Collected material
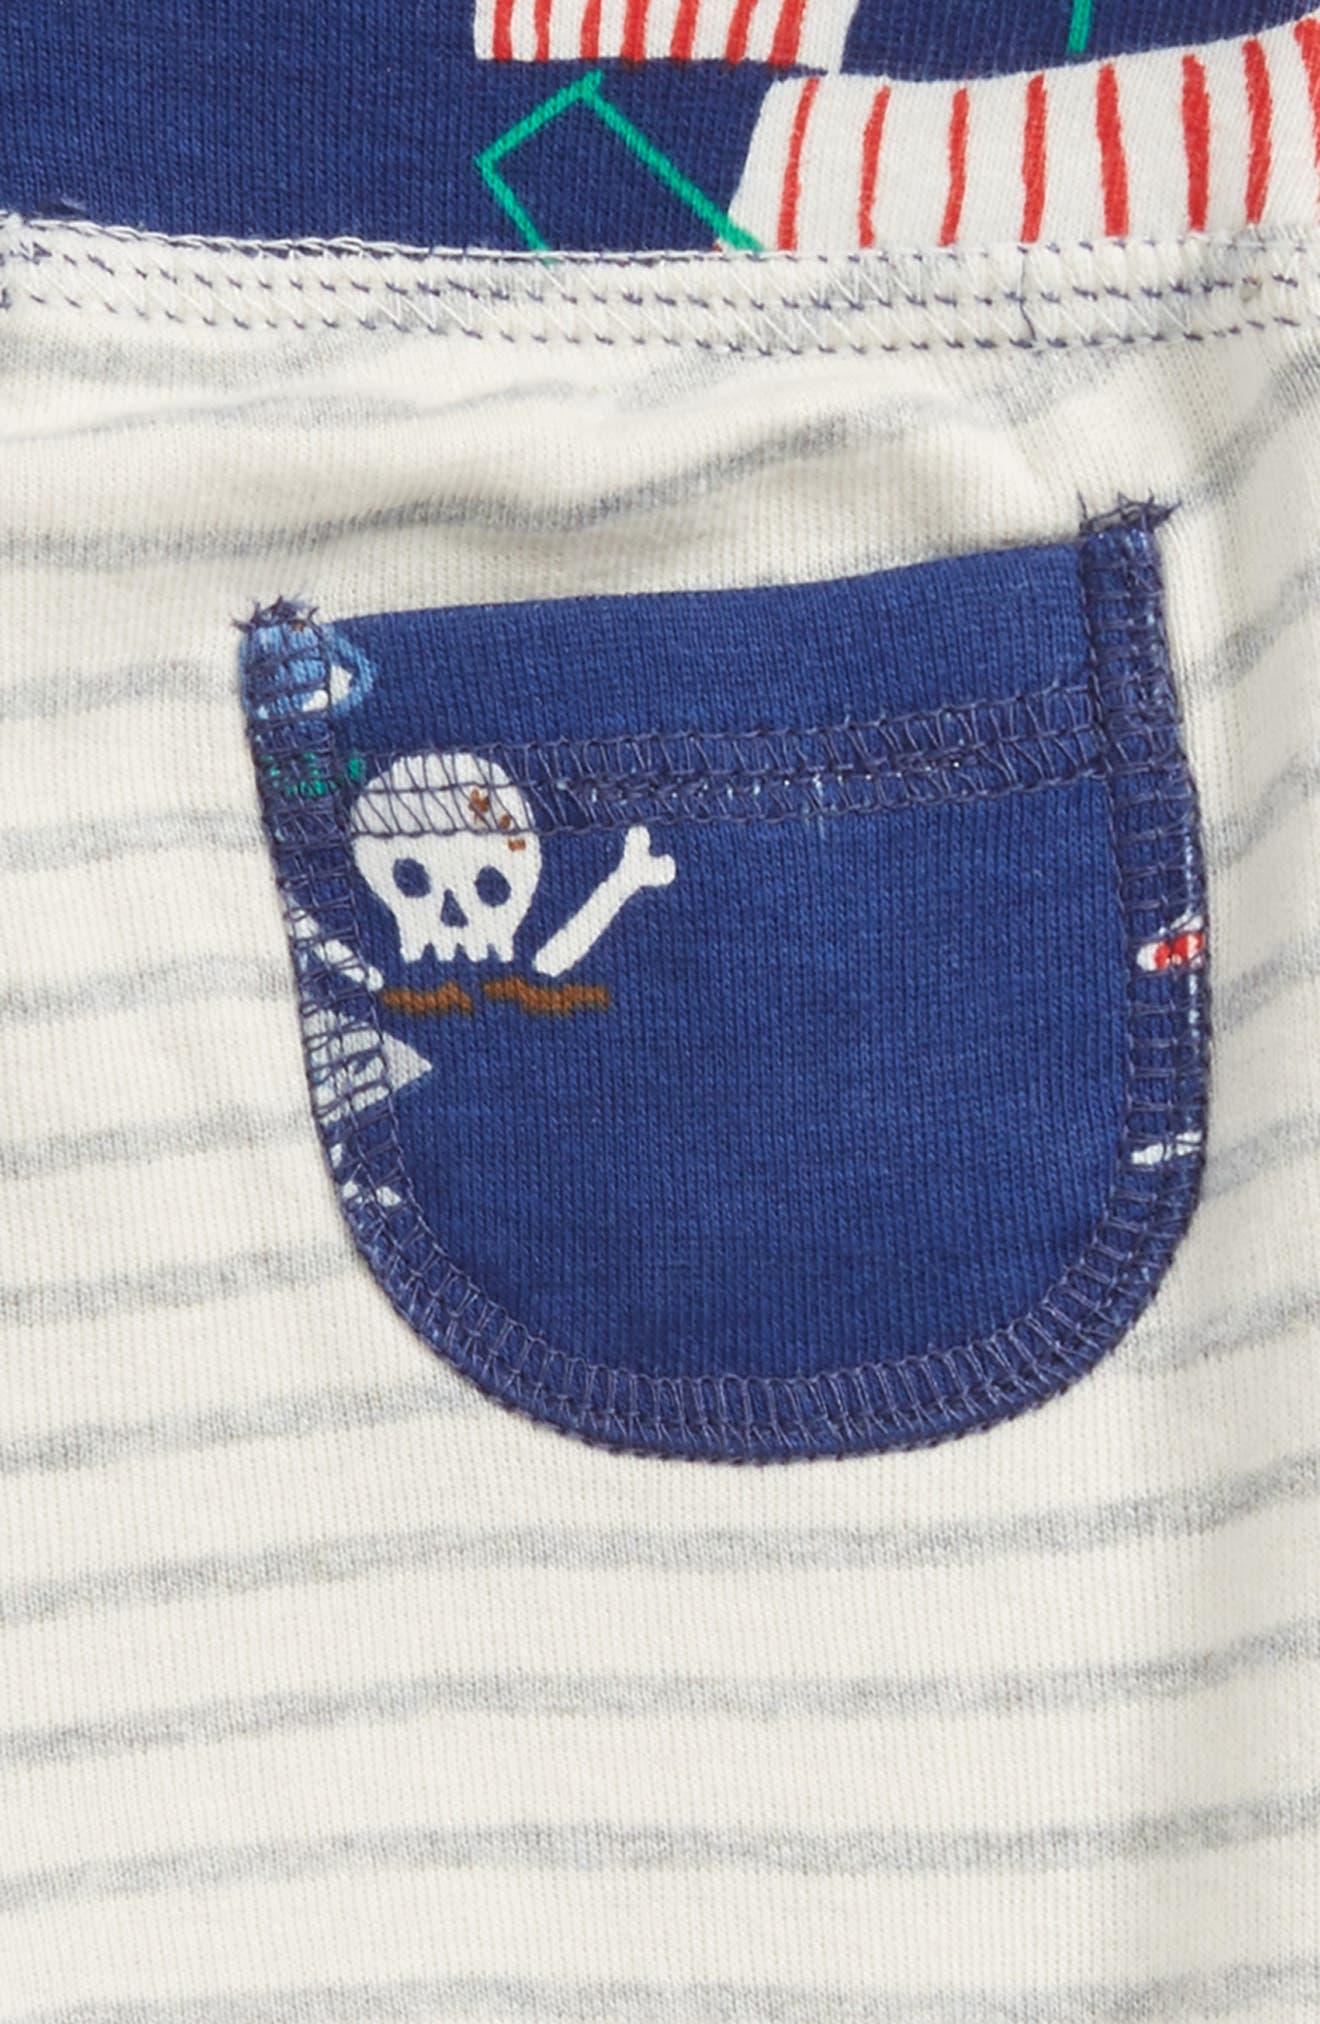 Reversible Knee Patch Pants,                             Alternate thumbnail 4, color,                             404
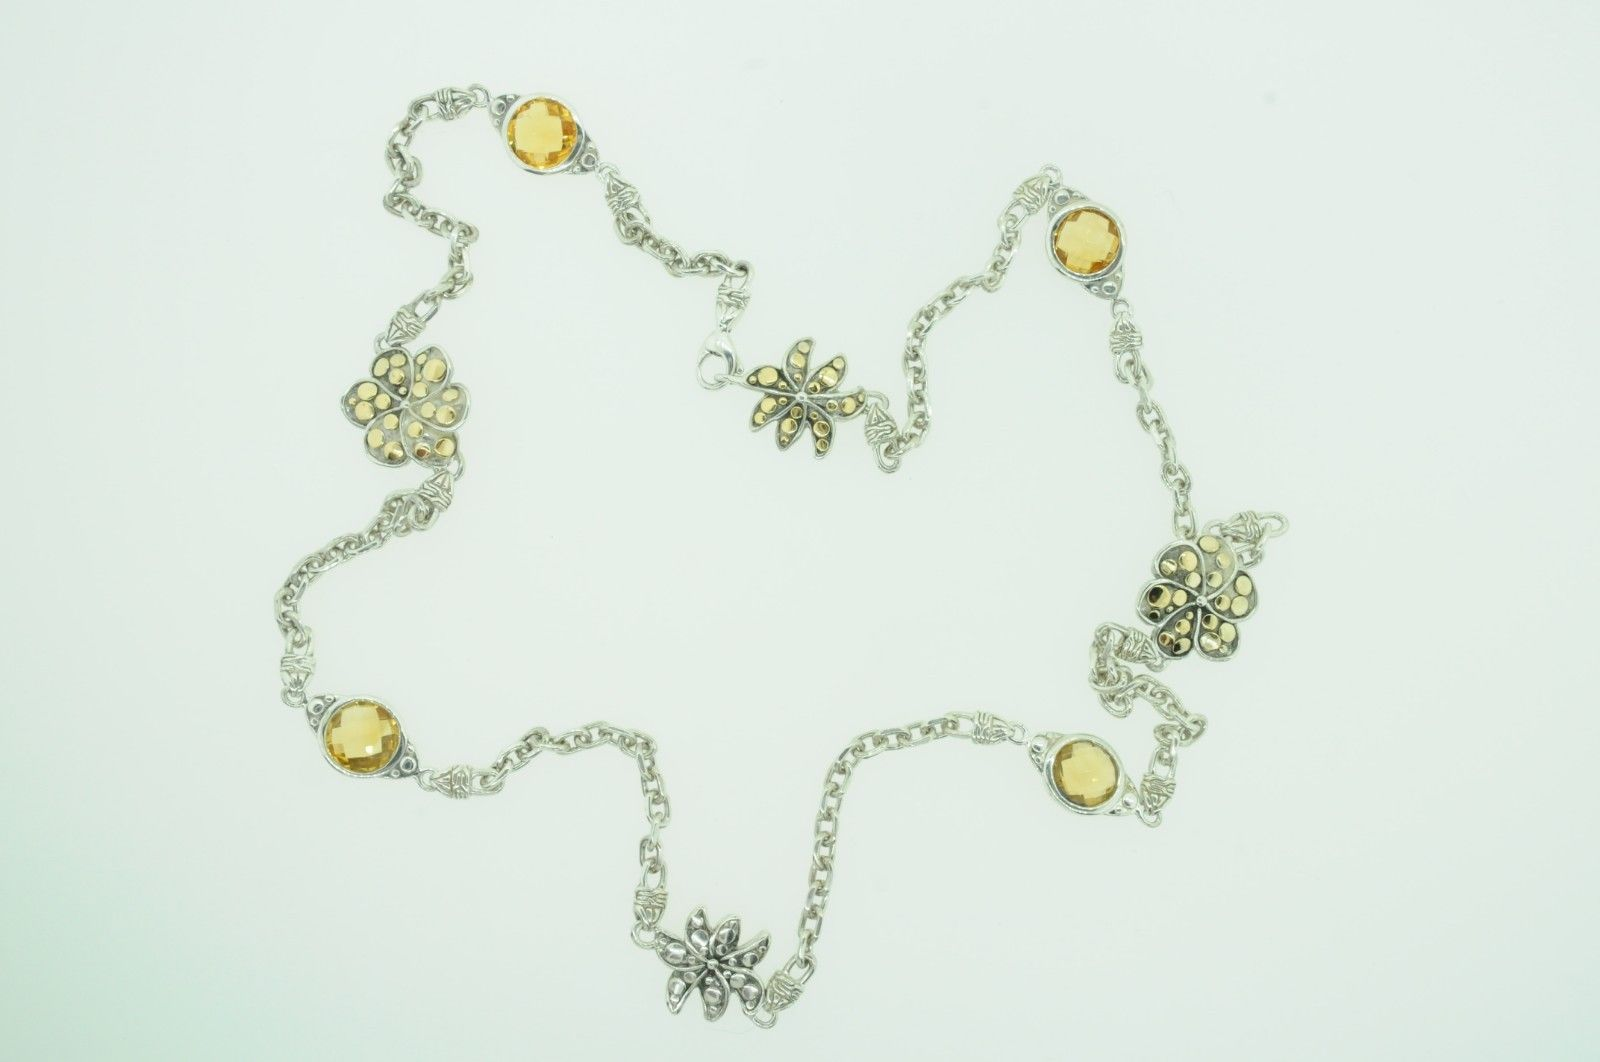 "JOHN HARDY Sterling Silver 18K Yellow Gold Ayu Frangipani Citrine Necklace (24"") image 2"
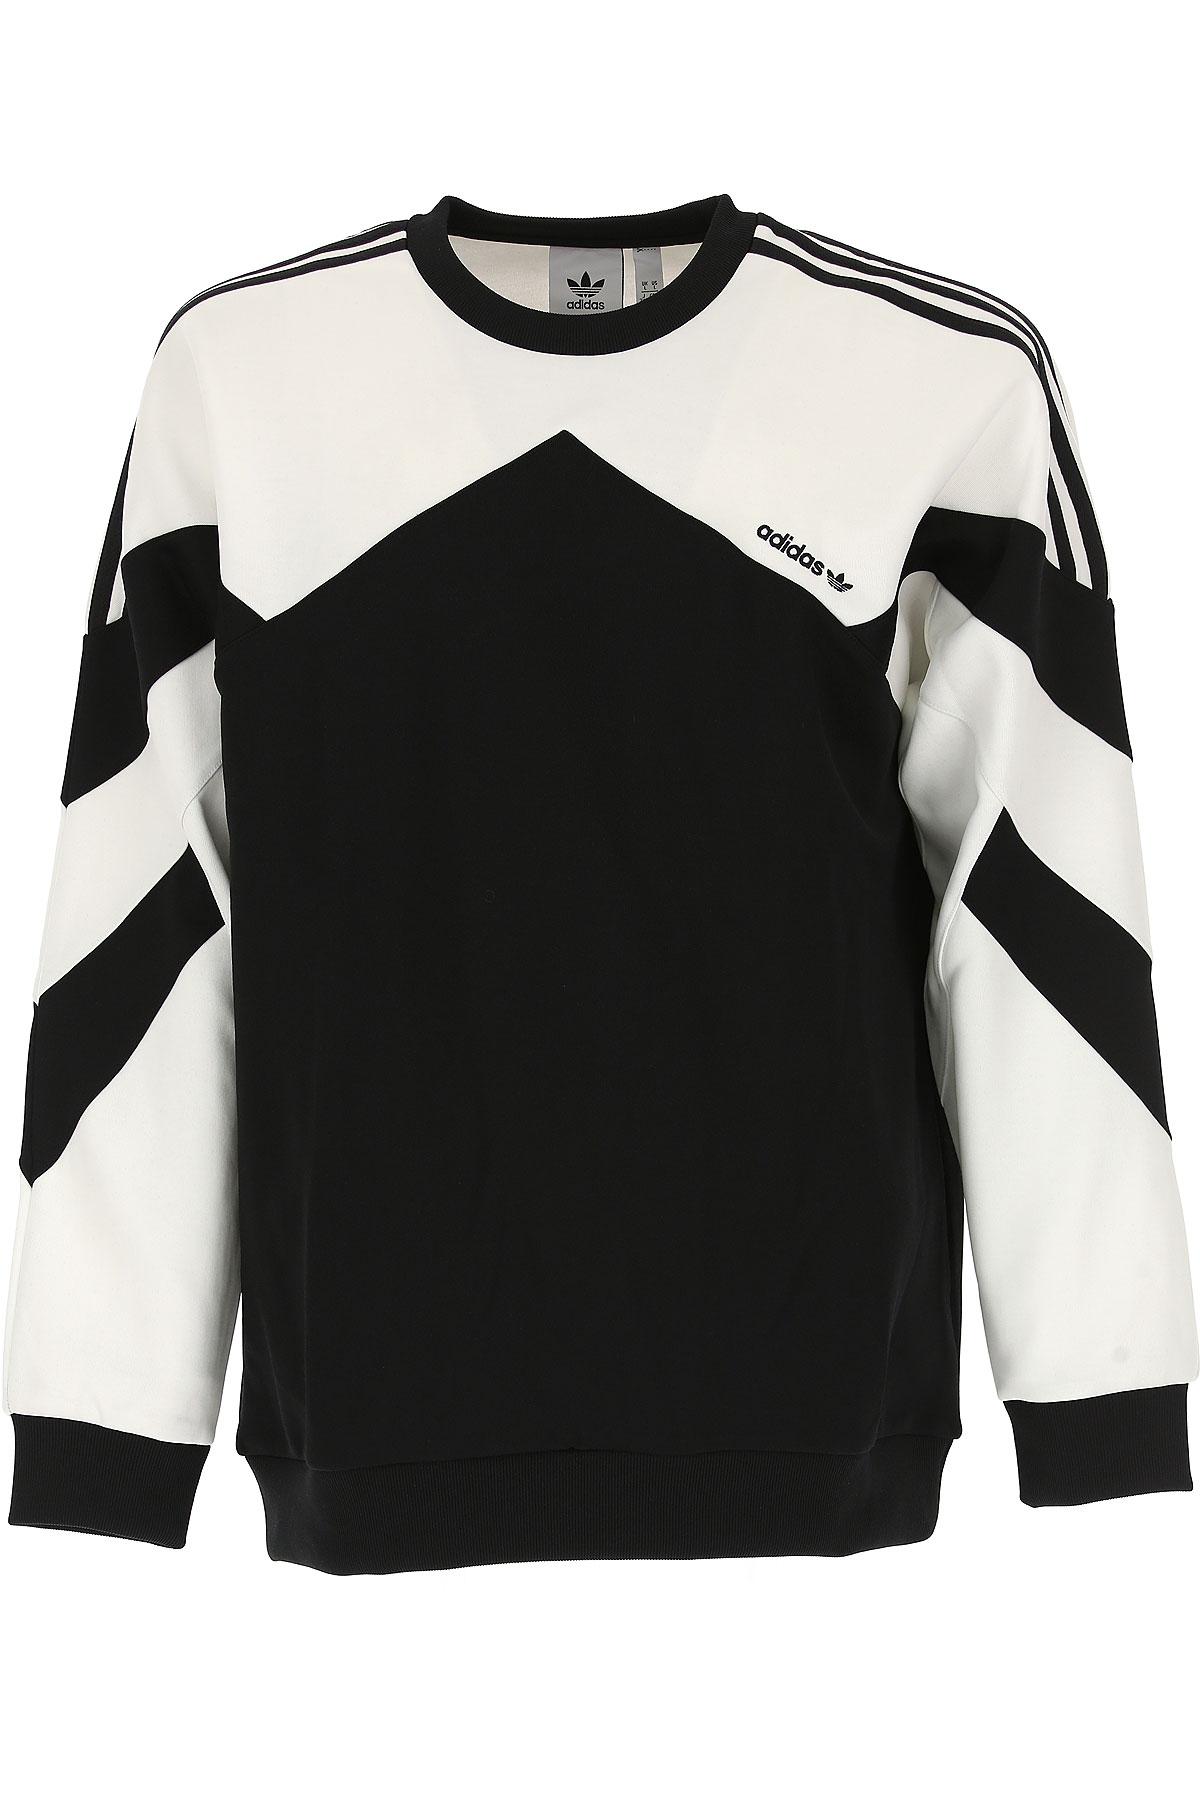 Adidas Sweatshirt for Men, Black, polyester, 2017, L XL USA-467644

Description of the task
When the line that holds "HARDY Sterling Silver" is reached, begin duplicating exactly, and continue through the last line of the listing, skipping the pictures; output nothing else.

Written answer
 "JOHN HARDY Sterling Silver 18K Yellow Gold Ayu Frangipani Citrine Necklace (24"") image 2"
 Adidas Sweatshirt for Men, Black, polyester, 2017, L XL USA-467644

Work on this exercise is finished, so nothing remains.